**BRIEF**
Transcribe the full listing exactly, and drop every picture.

**STORED DATA**

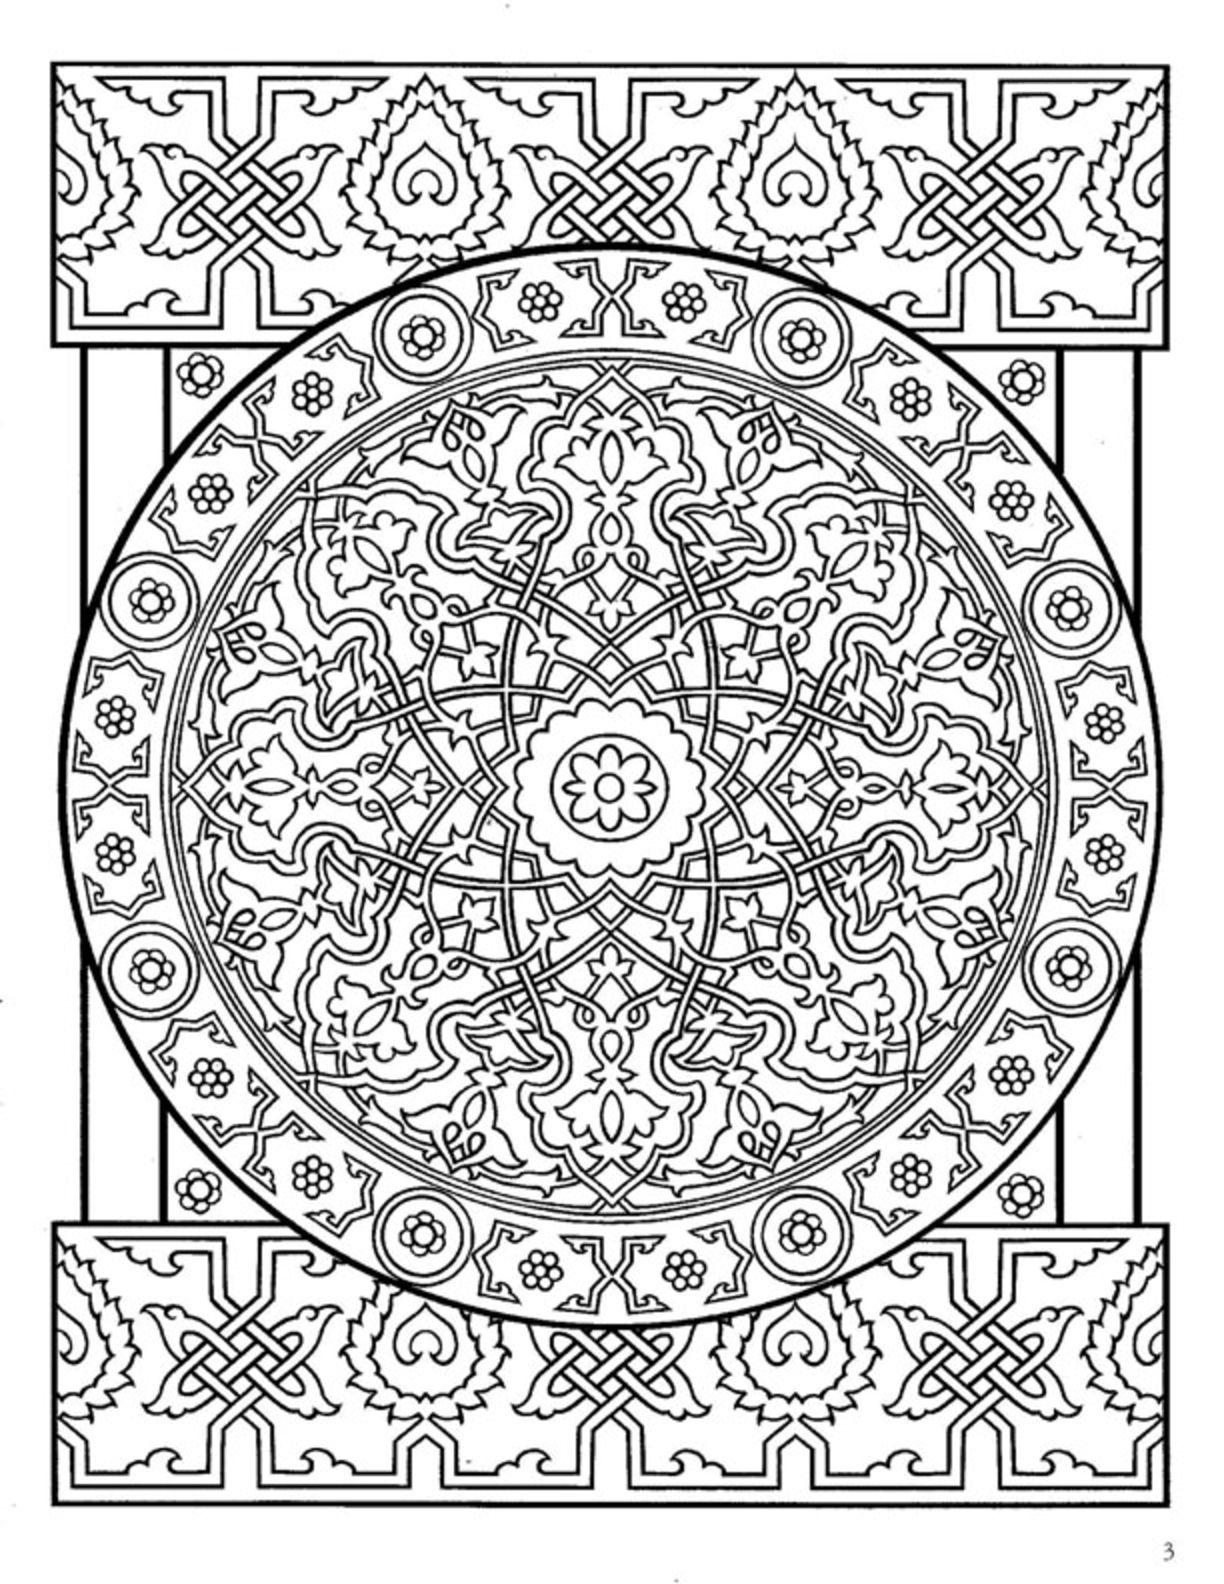 Dover Decorative Tile Coloring Book | Mandalas | Pinterest ...
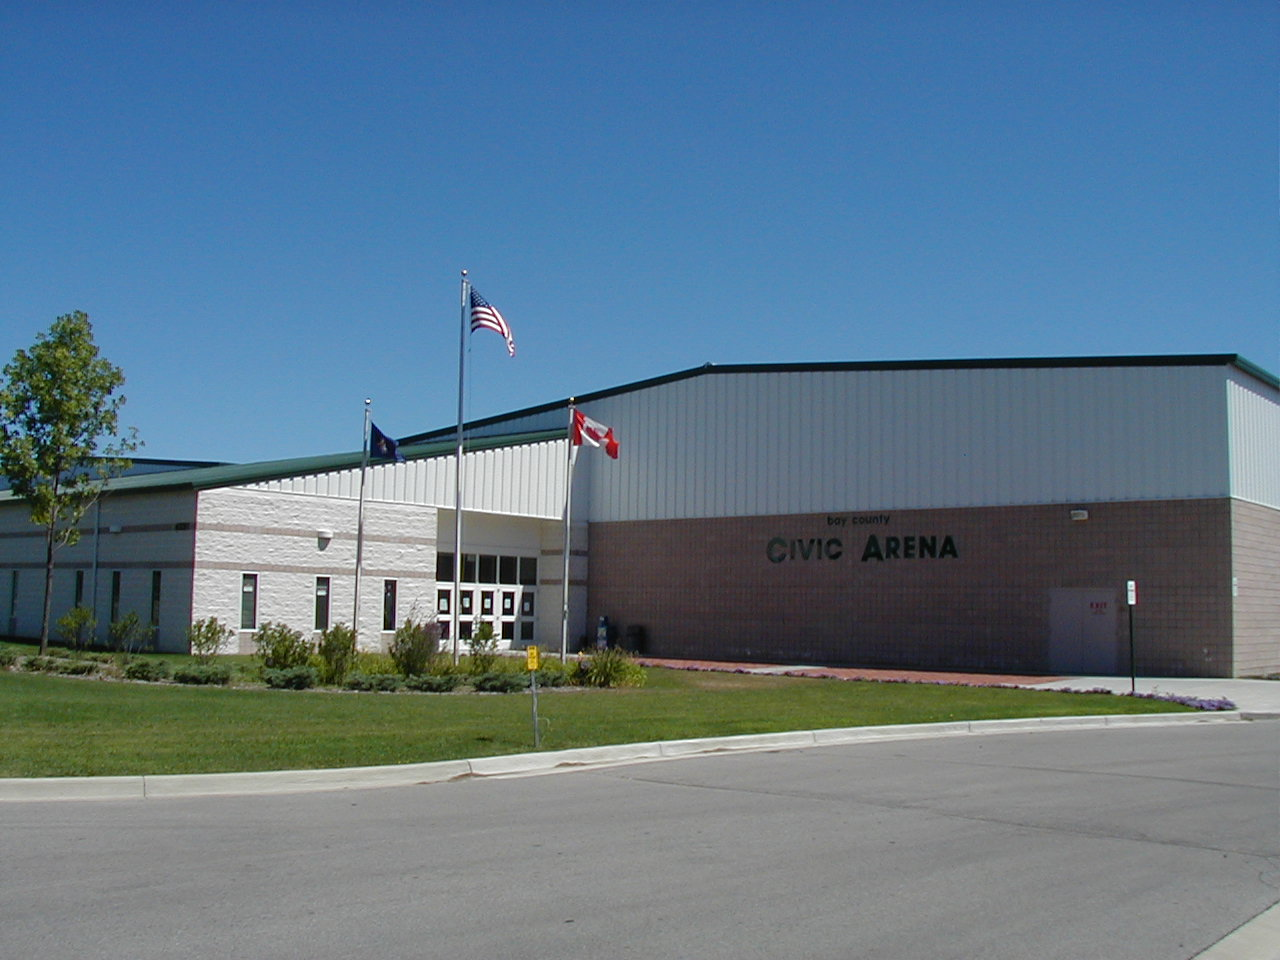 Bay County Civic Arena
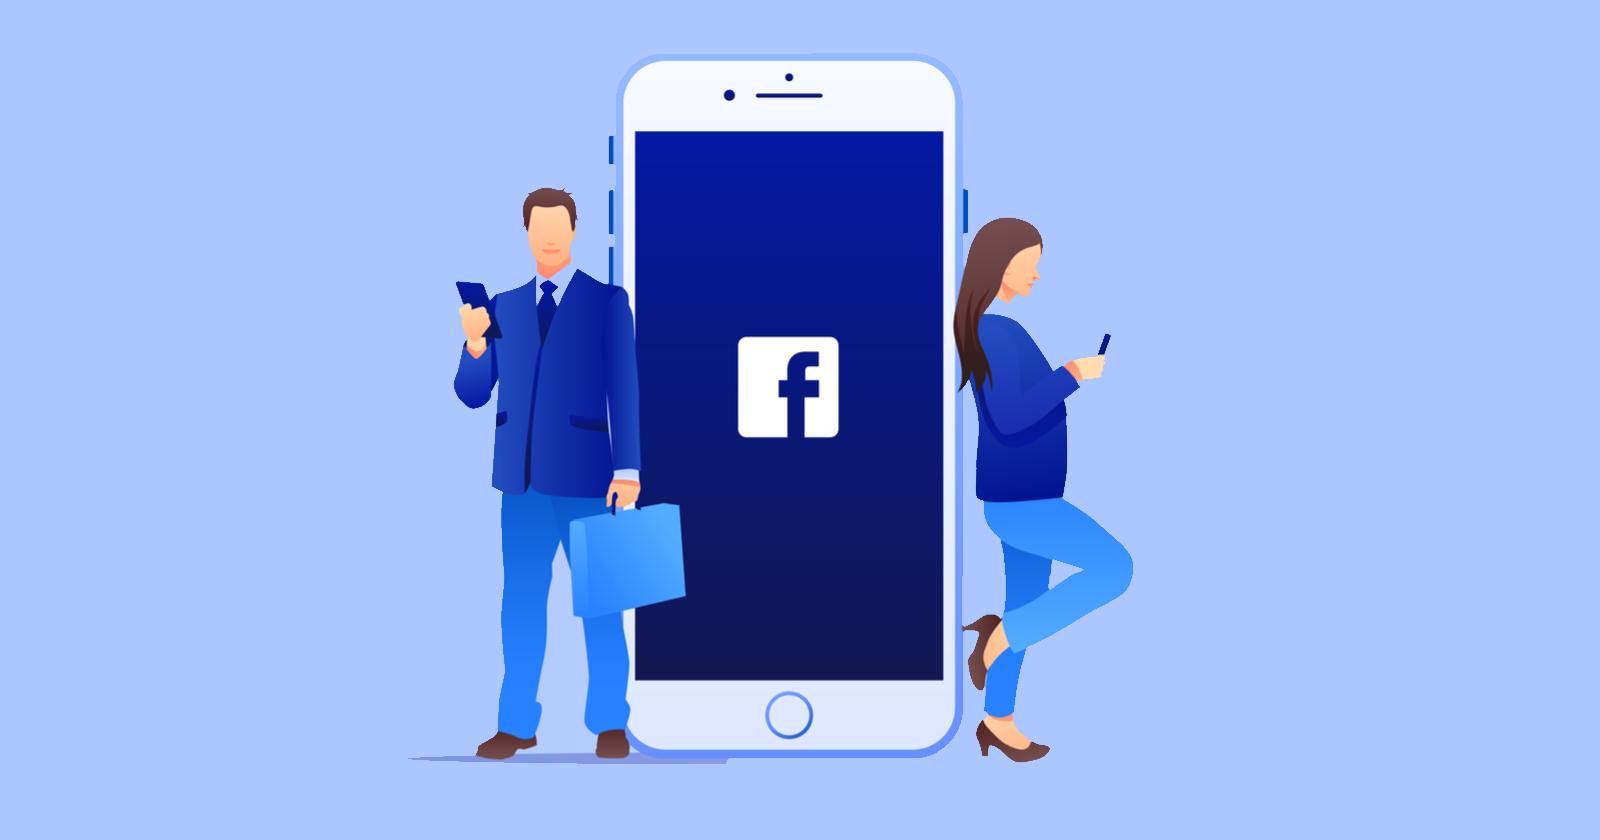 Facebook nije oglasna ploča
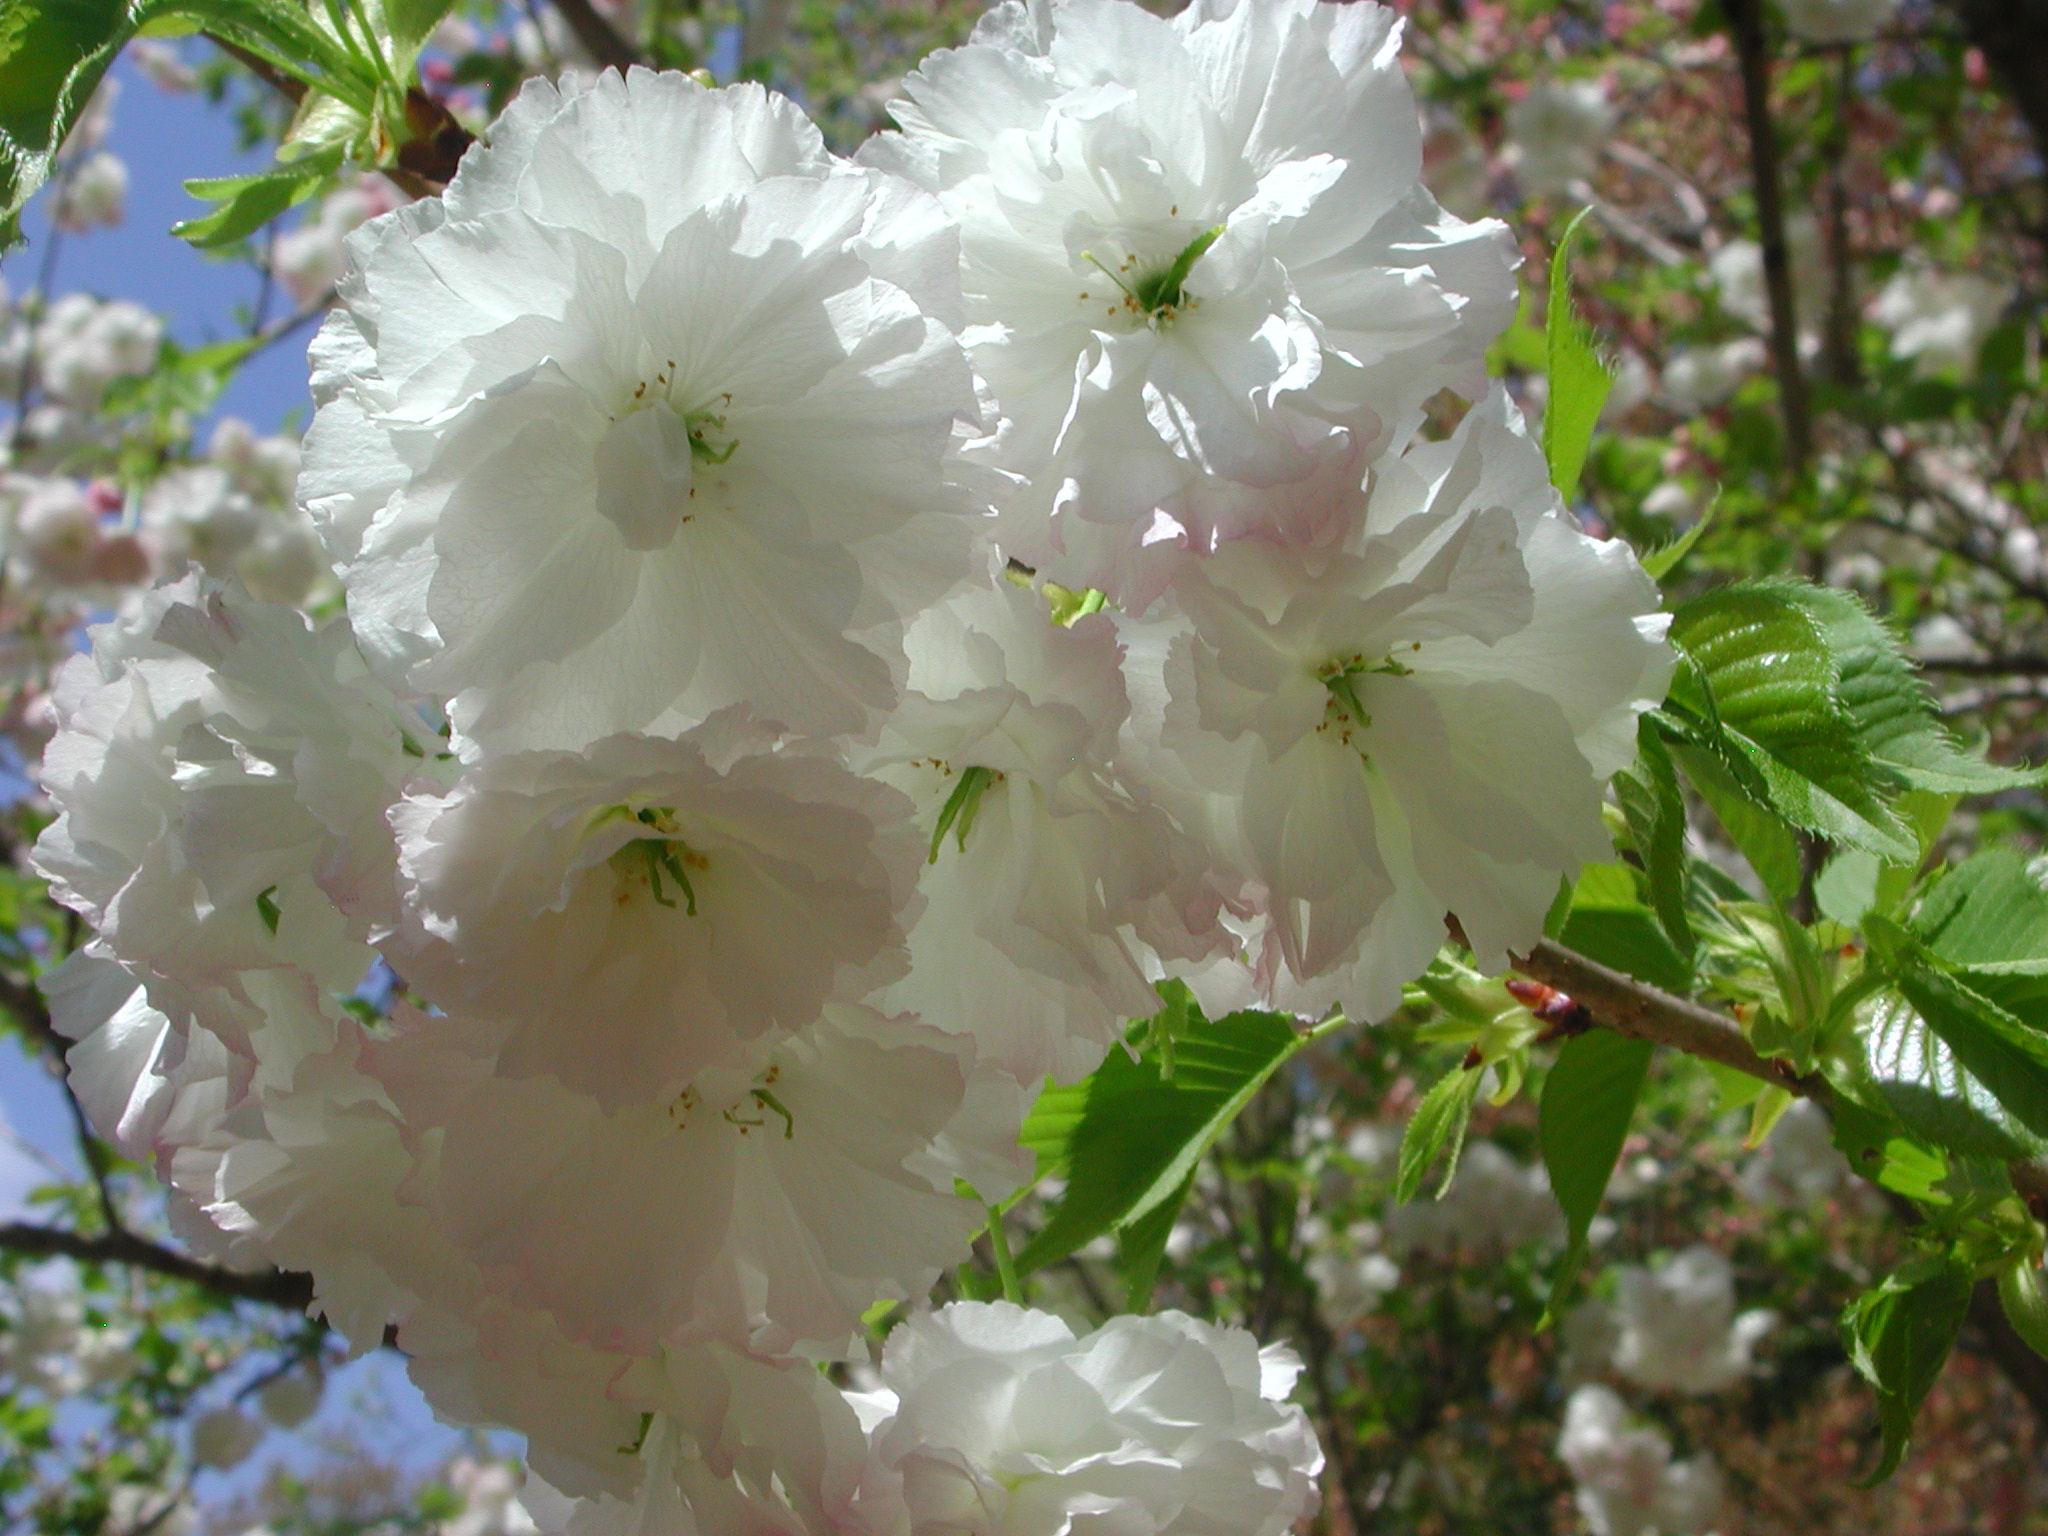 Hanami 2011: Variedades de cerezos en Flor. | Nekotabi

**ANSWER SPACE**
 Dover Decorative Tile Coloring Book | Mandalas | Pinterest ...
 Bay County Civic Arena
 Facebook nije oglasna ploča
 Hanami 2011: Variedades de cerezos en Flor. | Nekotabi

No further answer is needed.